Fall in the Rockies is also elk rutting season. 2,000-3,000 elk call the Rocky Mts. their home in the summer and herds of elk can be seen in the meadows, with the male bull the center of attention, as he struts, bugles (scream and grunts) and vies for the hearts of the cows. 

Snowy Adventure Rocky Mt. National Park

We start our day early as the weather report was predicting rain in the afternoon. We leave our Ponderosa Lodge cabin in Estes Park before 8 and head into the Rocky Mountain National Park and up Old Fall River Road, a one way dirt road with no guardrails that switchbacks higher and higher along the northernmost section of the Rock Mountain National Park. Riding in the car is about the right amount of activity for us today as we are still acclimating to the high altitude – even walking 50 ft on a flat trail leaves us breathless.

The aspens show their fall glory, and the pine covered mountainsides are aflame with golden yellow and fiery orange. Though the day is cloudy with intermittent sunshine and showers, I am able to capture the essence of the season.  We stop at numerous pull outs along the way, each with a different view of the rockies.

At mid day, we reach the summit at 11,796 ft. in elevation. The Alpine Visitor’s Center is a refuge from the gusty cold wind. I try to photograph from the deck but the winds are too strong. From inside, I can see a bull elk and his harem in the distance. It is rutting season in the Rockies.

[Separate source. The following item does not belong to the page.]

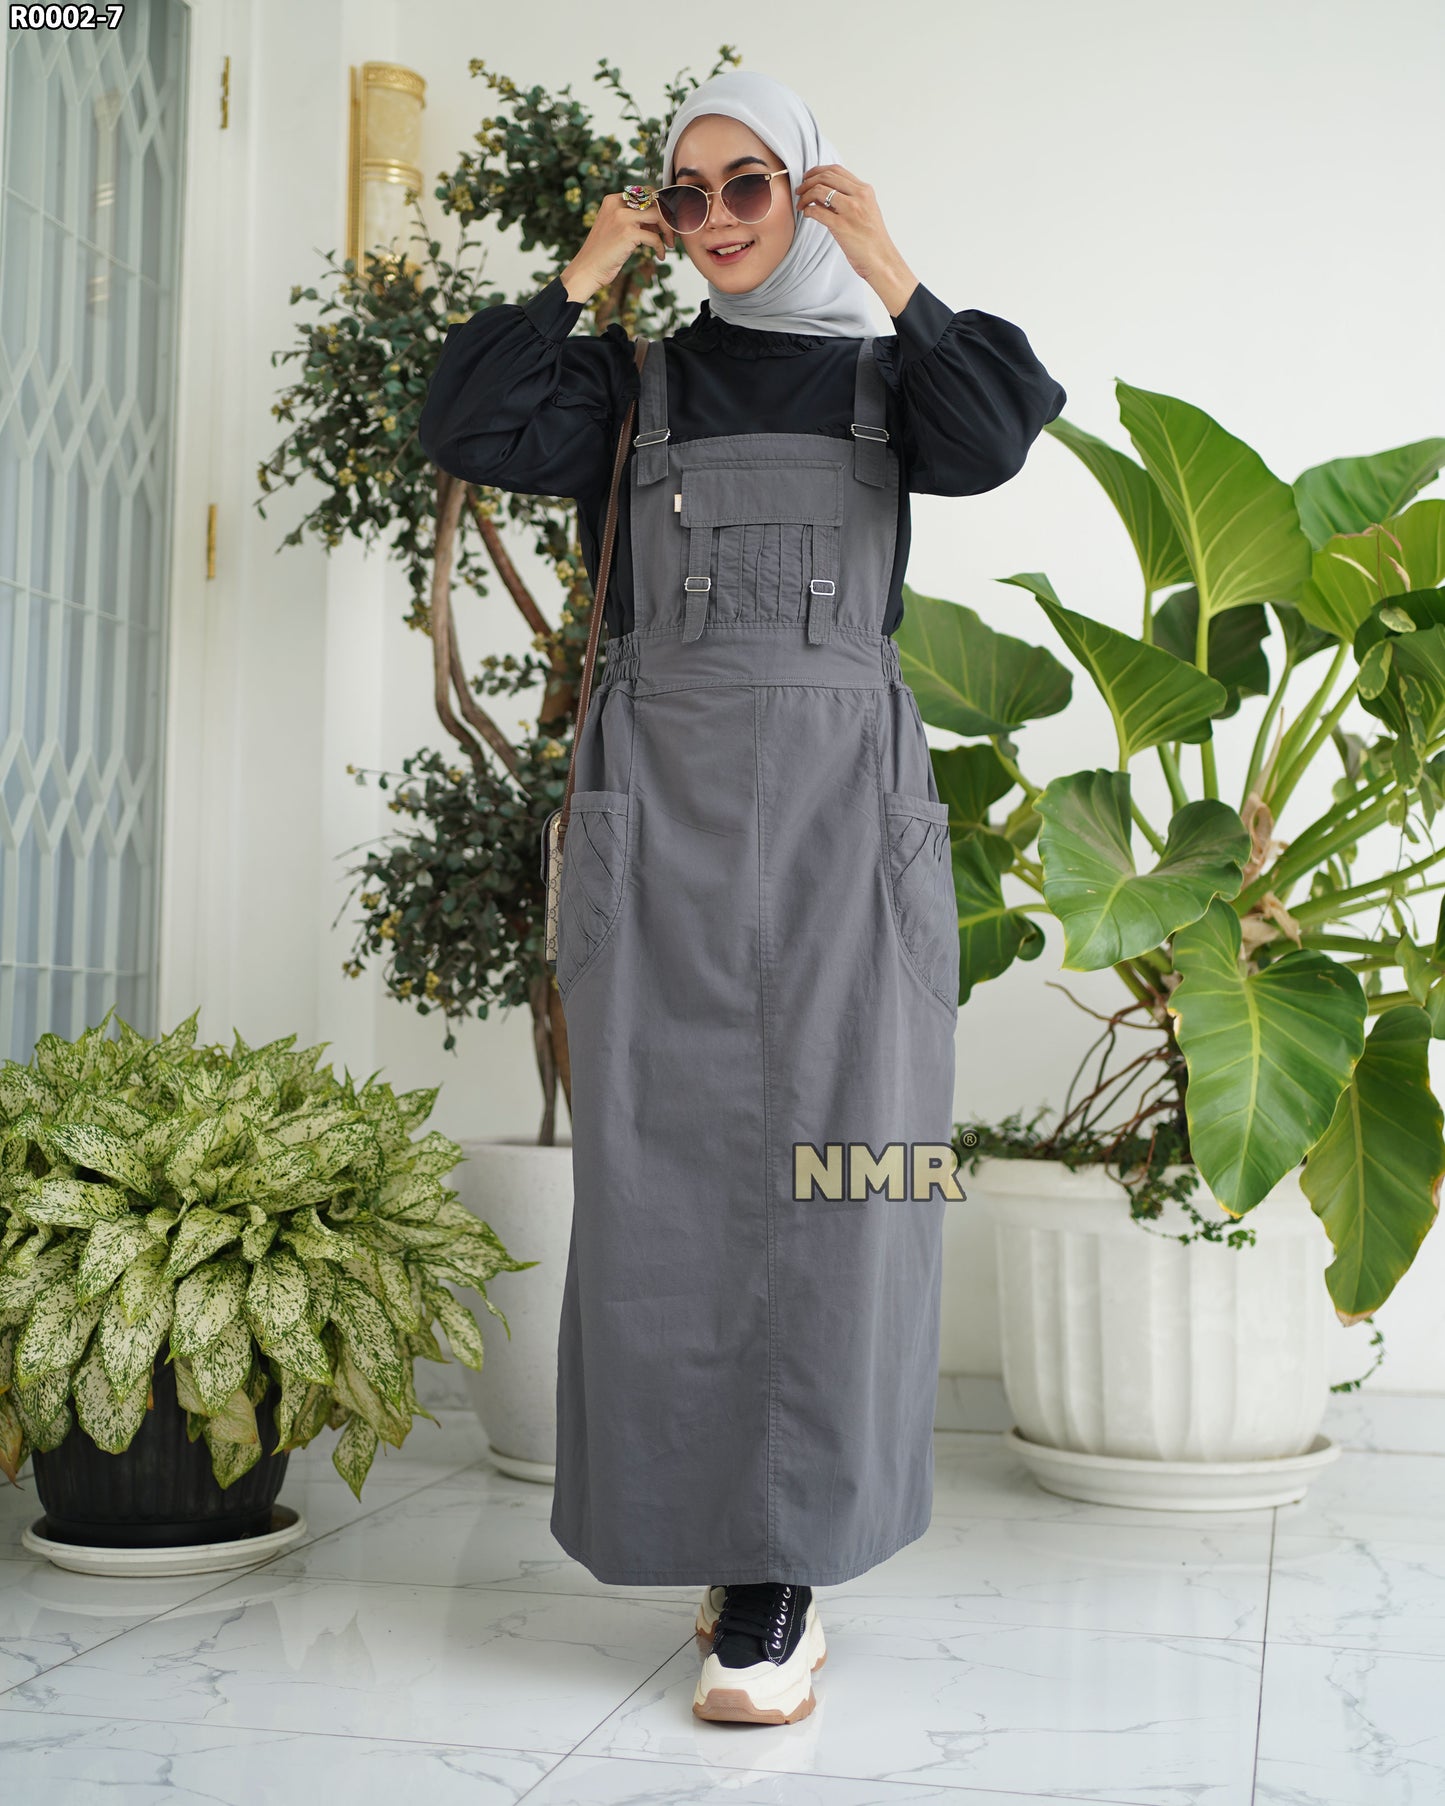 NMR Gamis Jumpsuit Overall Baby Canvas Vol R002-7
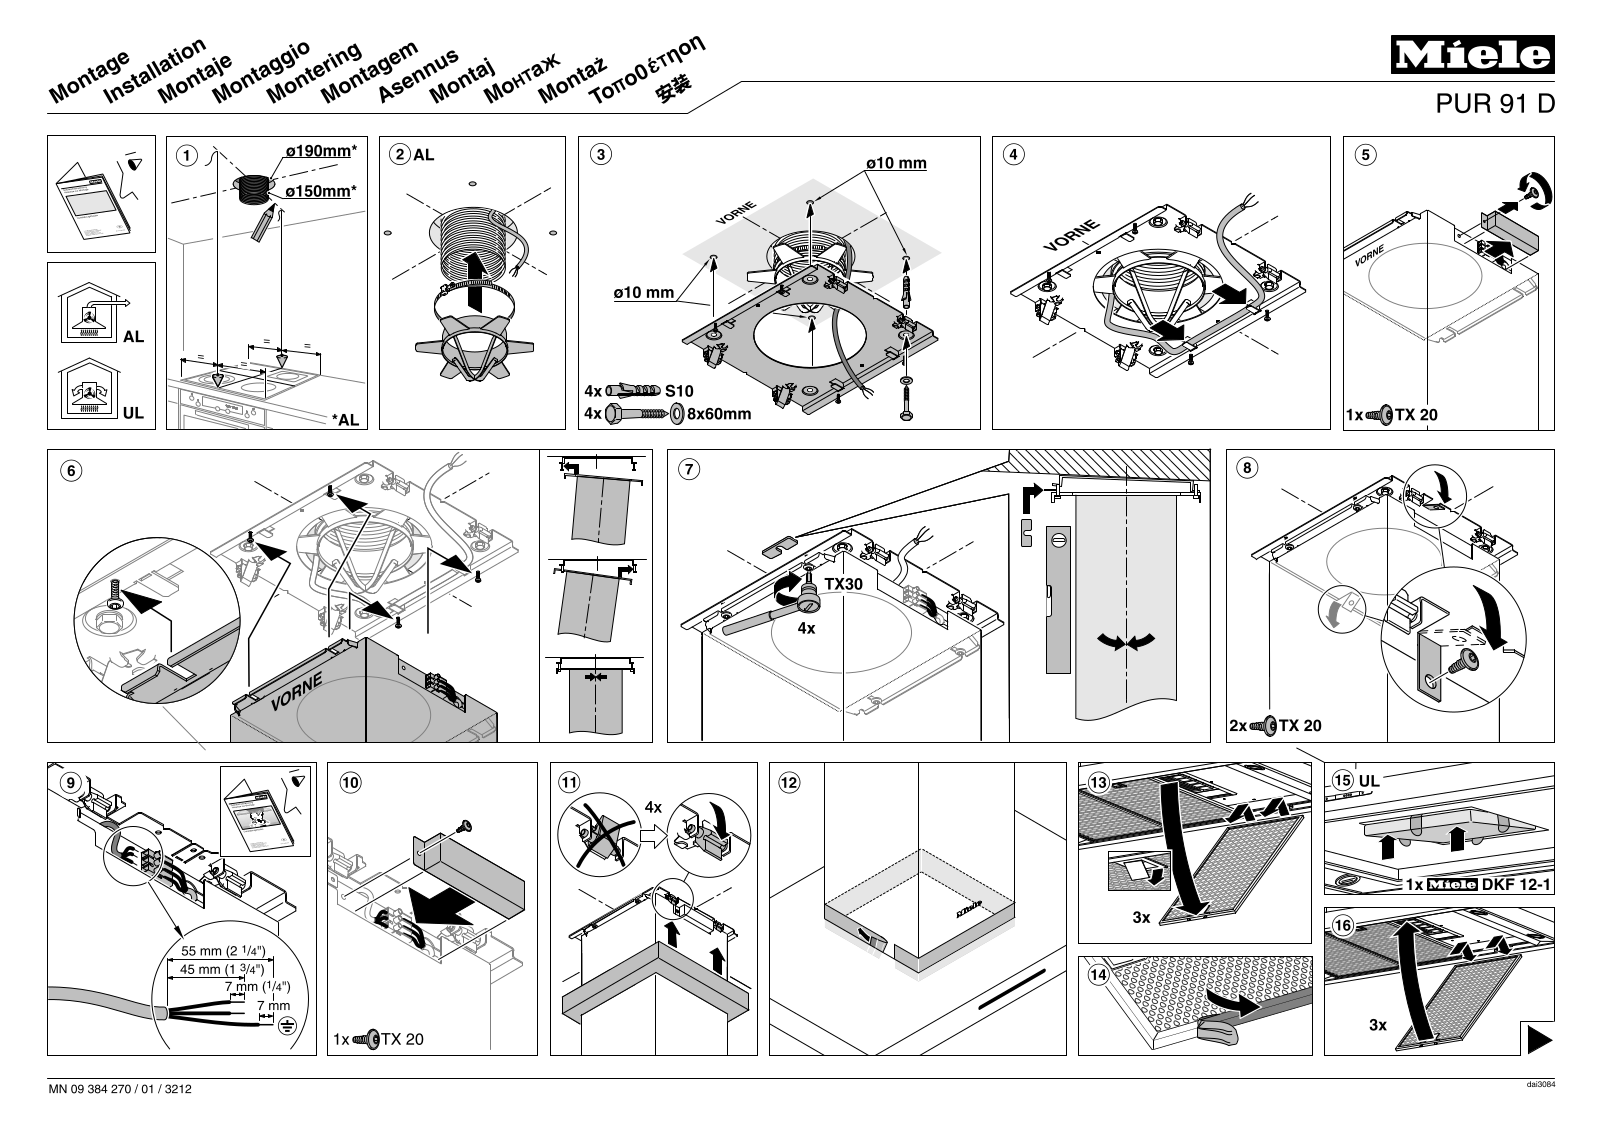 Miele PUR 91 D assembly instruction

Leaving the Visitors Center, the road intersects the Trail Ridge Road, the alpine highway generally open until mid October, that runs across the park. At 2:00, we decide on one more short walk before heading back to Estes Park along the Trail Ridge Road. As we head out of the parking lot and onto the road, the rain turns to light snow and we see a ranger’s truck ahead with it’s lights flashing. They had just closed the road due to winter conditions at the summit. Unfortunately this means we are unable to return to Estes Park via this highway and must make our way around the southern part of the park, turning a 1 1/2 hr. trip into a 4 hour one.

The conditions turn wintry with falling snow and white out visibility crossing the pass by Winter Park. It is a gorgeous sight but slow going.

We reach the bottom of the summit and snow turns to rain. I am able to capture a few photos of snow on the aspens. The scenery is spectacular. Seeing falling snow on yellow aspens is a rare treat for us and we are captivated by the beauty.
Finally, we reach Estes Park in the early evening. It has been a long but memorable day and what an adventure!

Sea Level to Mile High

San Francisco was clear with puffy white clouds as we depart early in the morning. Finding traffic congestion bad on Bay Area roadways? SFO is no different as today’s runway was bumper to bumper!

There is a reason why we love this beautiful city. Look how gorgeous it is today.

 As we fly over the east bay hills, the wind turbines appear to be matchsticks in the undulating hills.

I am surprised that Denver is so flat!. The colorful farm fields appear as sharp striations and as circular plots of land.

We arrive to 80 degree temperatures in Denver. After collecting our car, we head out to Estes Park. Our last visit here was 30 years ago, with 2 little kids ages 3 and 5 who both got altitude sickness. Not much looks familiar.

We spend the late afternoon with a quick stop at Bear Lake and Sprague Lake. Here is a teaser to what is to come, though rain, snow and cold weather is predicted for the next few days. We wonder if this is all the color we will see!

We have a delightful dinner at the Dunraven Inn visiting with Ray’s former UI and fly fishing buddy, Phil and his wife Psyche, who provide us with many wonderful tips for the area.